Headquartered in Nesconset, New York, Paws of War is a nonprofit organization serving veterans, active-duty military members, first responders, Gold Star families, and animals in need. Its work includes service-dog placement, companion-animal adoption, emergency fostering, therapy-dog visits, mobile veterinary care, support for retired military working dogs, disaster response, and international rescue missions that reunite service members with the dogs and cats they bonded with while deployed.

Paws of War does not treat animal rescue and veteran support as separate missions. Its model is built on the belief that one rescued animal can help rescue a person in return.

How the Mission Began

Paws of War traces its beginnings to 2014. From the start, the organization focused on bringing rescued dogs together with veterans who needed companionship, trained assistance, and a renewed sense of connection. That mission later expanded into overseas animal rescue, veterinary assistance, housing support, emergency pet fostering, therapy programs, and services for first responders and military families.

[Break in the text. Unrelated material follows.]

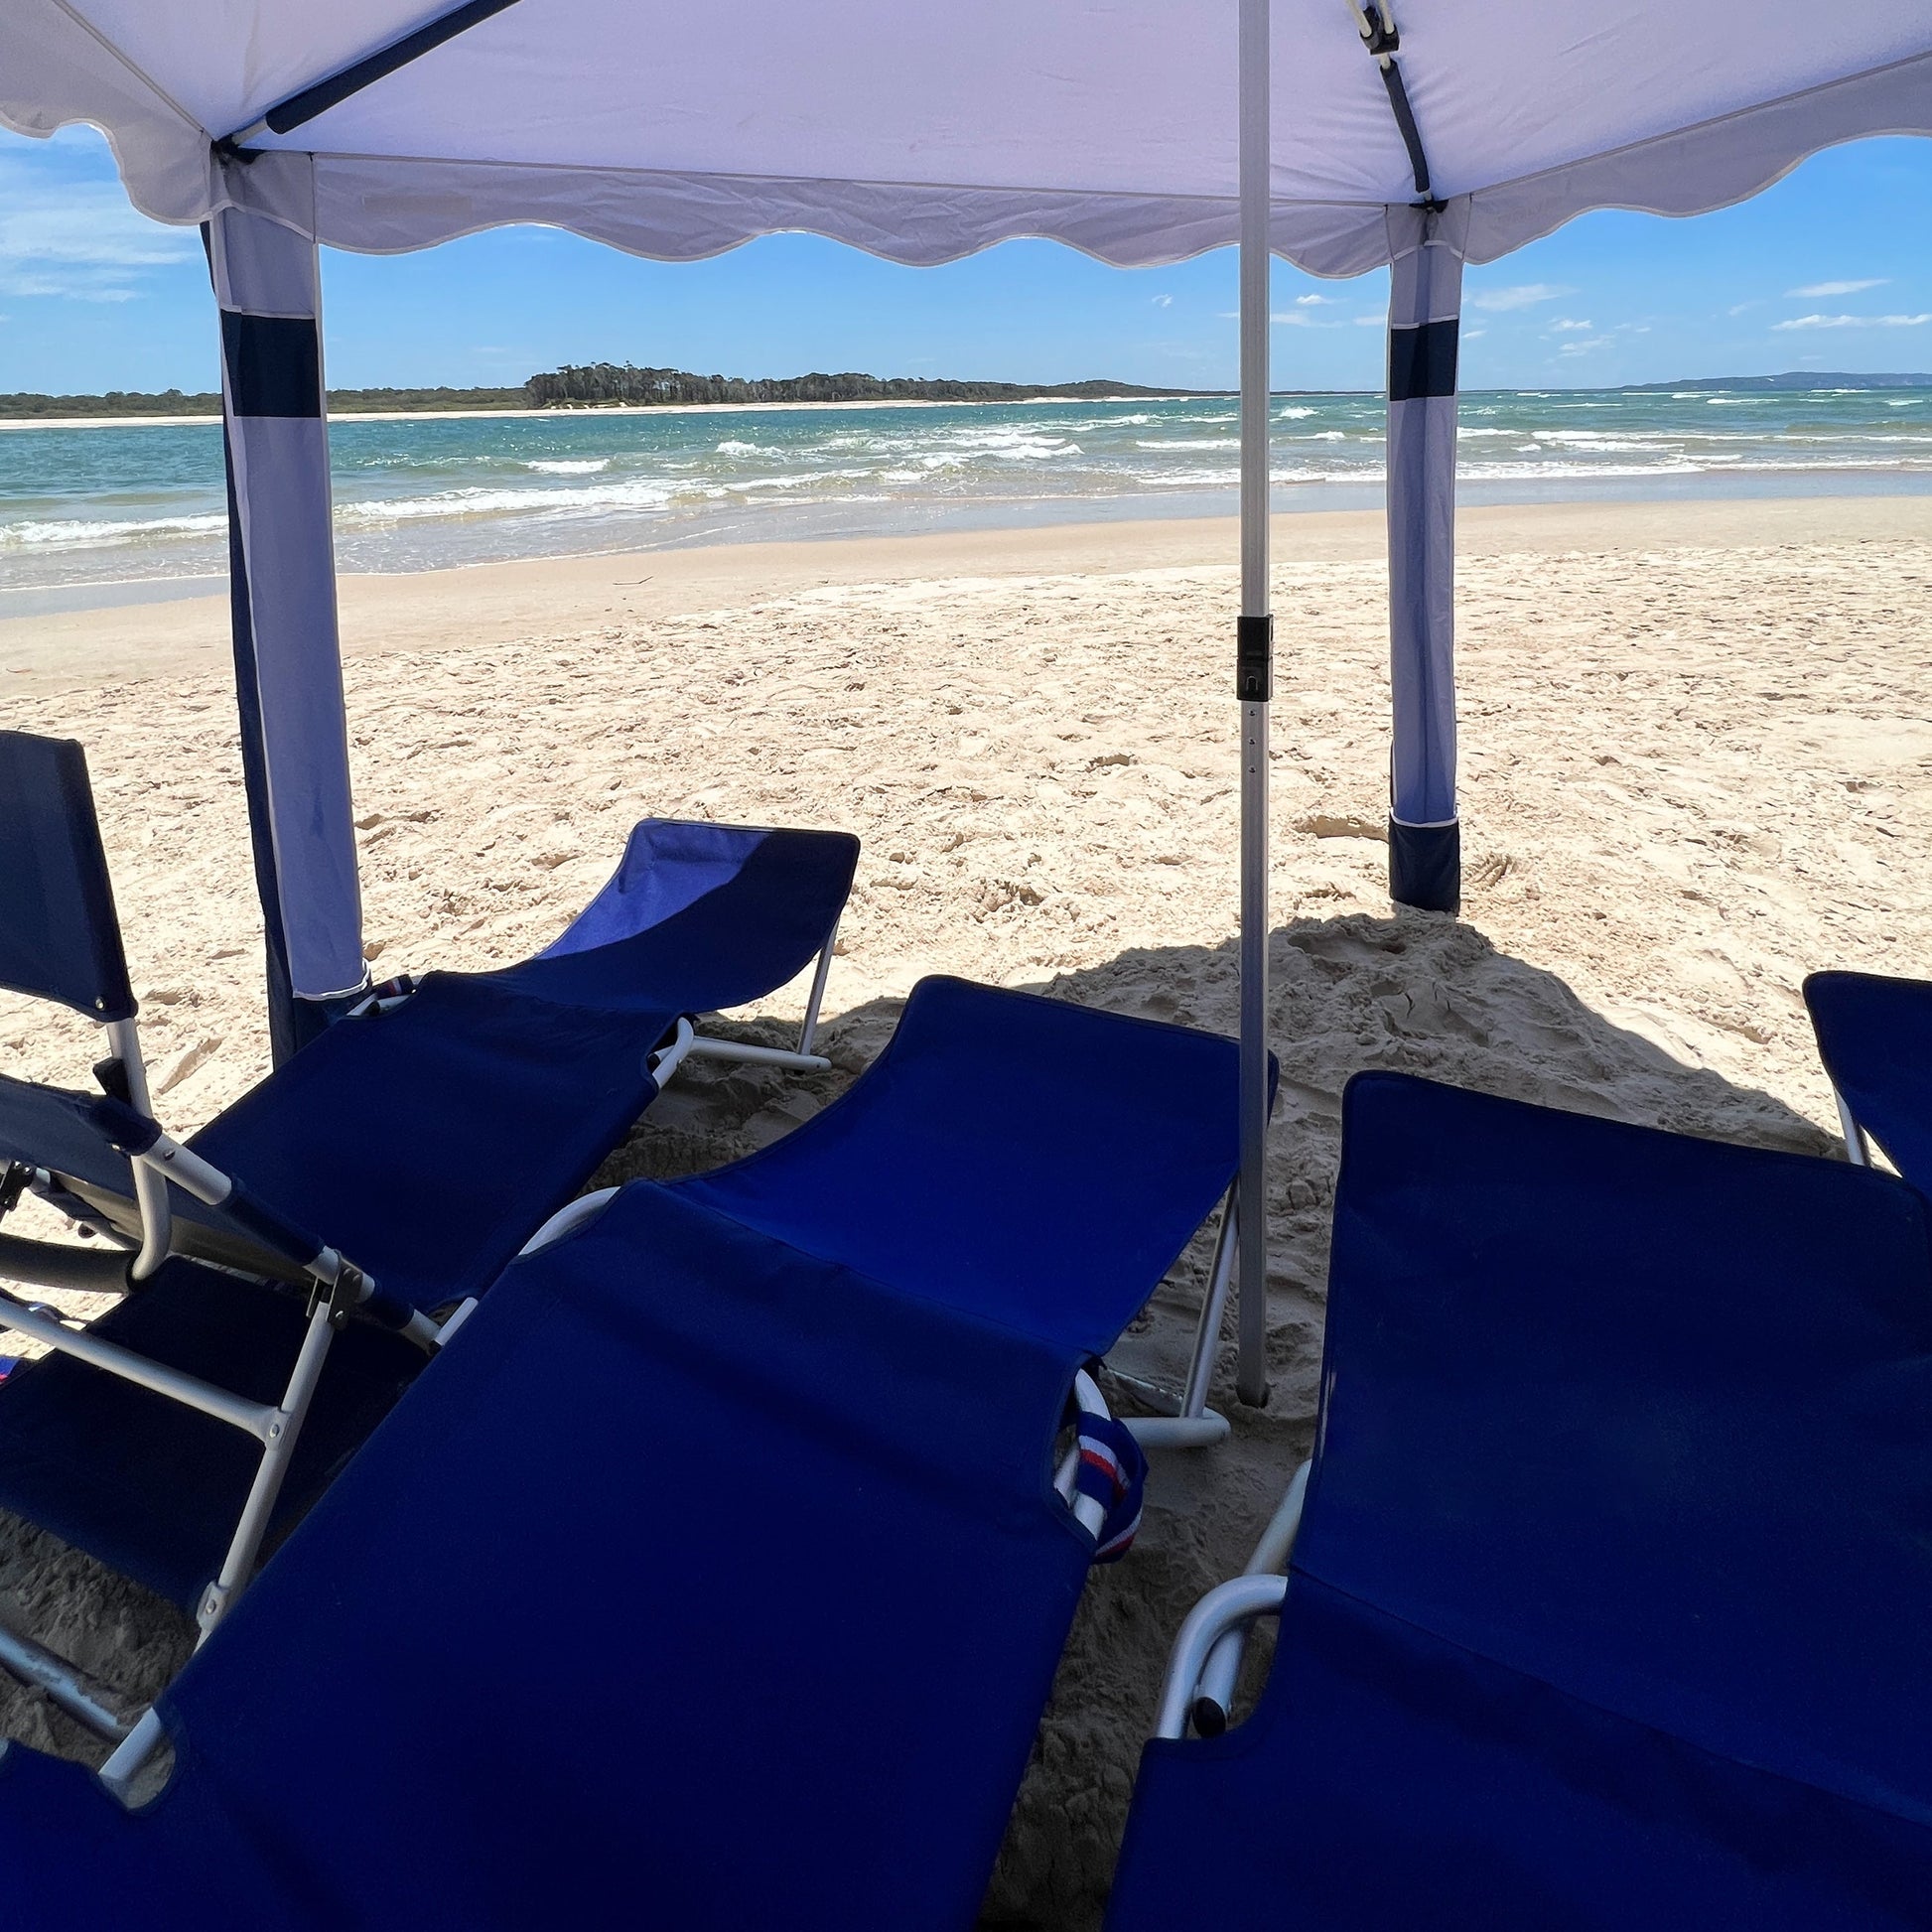 premium beach cabana coolcabana navy with white trim interior shot of coolcabana on the beach#color_burleigh
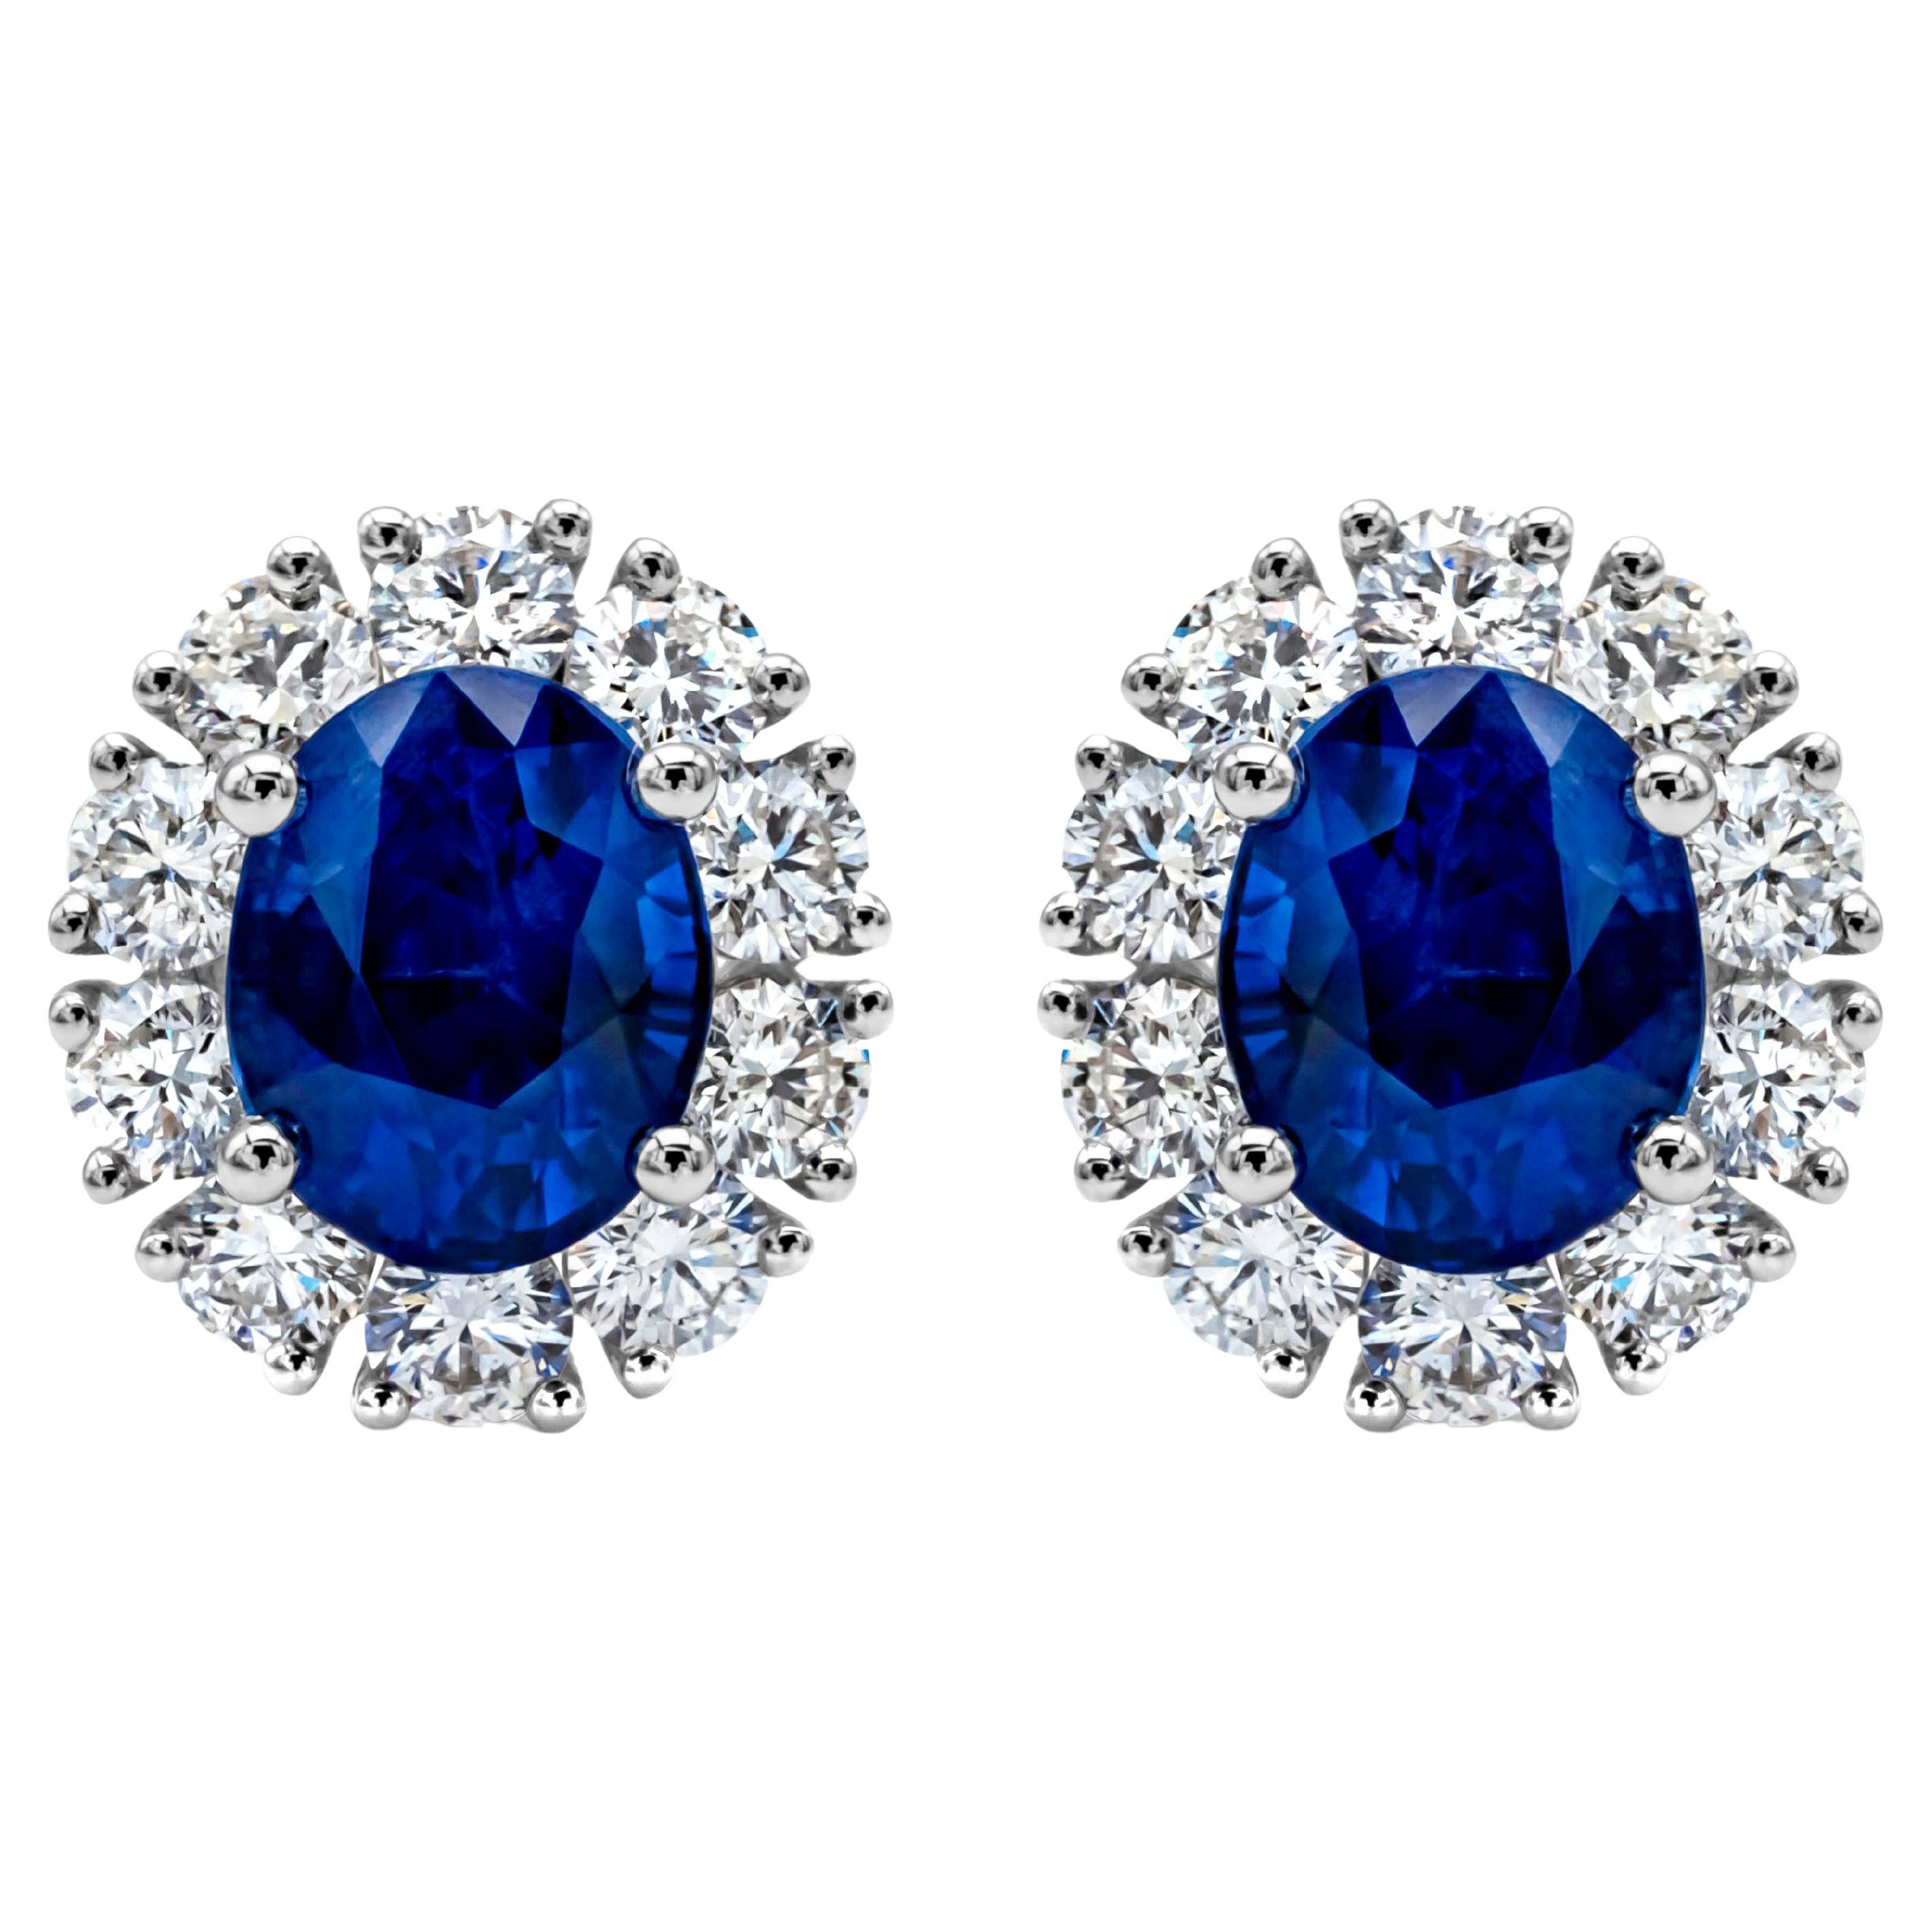 Roman Malakov 2.29 Carats Total Oval Cut Blue Sapphire & Diamond Stud Earrings

The organization’s Long Island base has remained central to that growth. Its Nesconset headquarters serves as a hub for training, rescue coordination, adoption, volunteer work, and the complex logistical planning required to move animals safely across states and international borders.

Rescuing and Training Shelter Dogs

One of the organization’s defining features is its use of rescued animals. Rather than assuming every service dog must come from a purpose-bred program, Paws of War evaluates dogs from shelters and rescue situations to determine whether they have the health, temperament, stability, intelligence, and work drive needed for service work.

Not every dog is suited to become a service dog, and that is not considered a failure. Dogs that do not meet service-work requirements may still be excellent companion animals. The goal is to find the right role and the right home for each animal rather than forcing a placement that is unsafe or unsustainable.

Service Dogs

Dogs are trained to perform specific tasks that mitigate a veteran’s disability, including needs associated with PTSD or traumatic brain injury.

Companion Animals

Fully vetted rescue animals may be placed with veterans, first responders, active-duty members, and Gold Star families for companionship and emotional support.

War-Torn Rescues

The organization coordinates international transport and veterinary clearances to reunite troops with animals they bonded with overseas.

Veterinary Support

A mobile clinic provides scheduled veterinary care for pets belonging to veterans and first responders, including those living with disabilities or limited income.

Service-Dog Training as a Partnership

Paws of War’s training program is not simply a process in which a fully trained dog is handed to a veteran. The organization emphasizes the development of a working team. The veteran must learn how to communicate with the dog, reinforce trained behaviors, recognize stress, maintain obedience, and care for the dog’s physical and emotional needs.

Service dogs may be trained to interrupt escalating anxiety, assist during emotional or medical emergencies, create space in public settings, provide grounding through physical contact, help with memory-related tasks, or respond to subtle changes in a handler’s stress level. The exact tasks depend on the veteran’s documented needs and the dog’s capabilities.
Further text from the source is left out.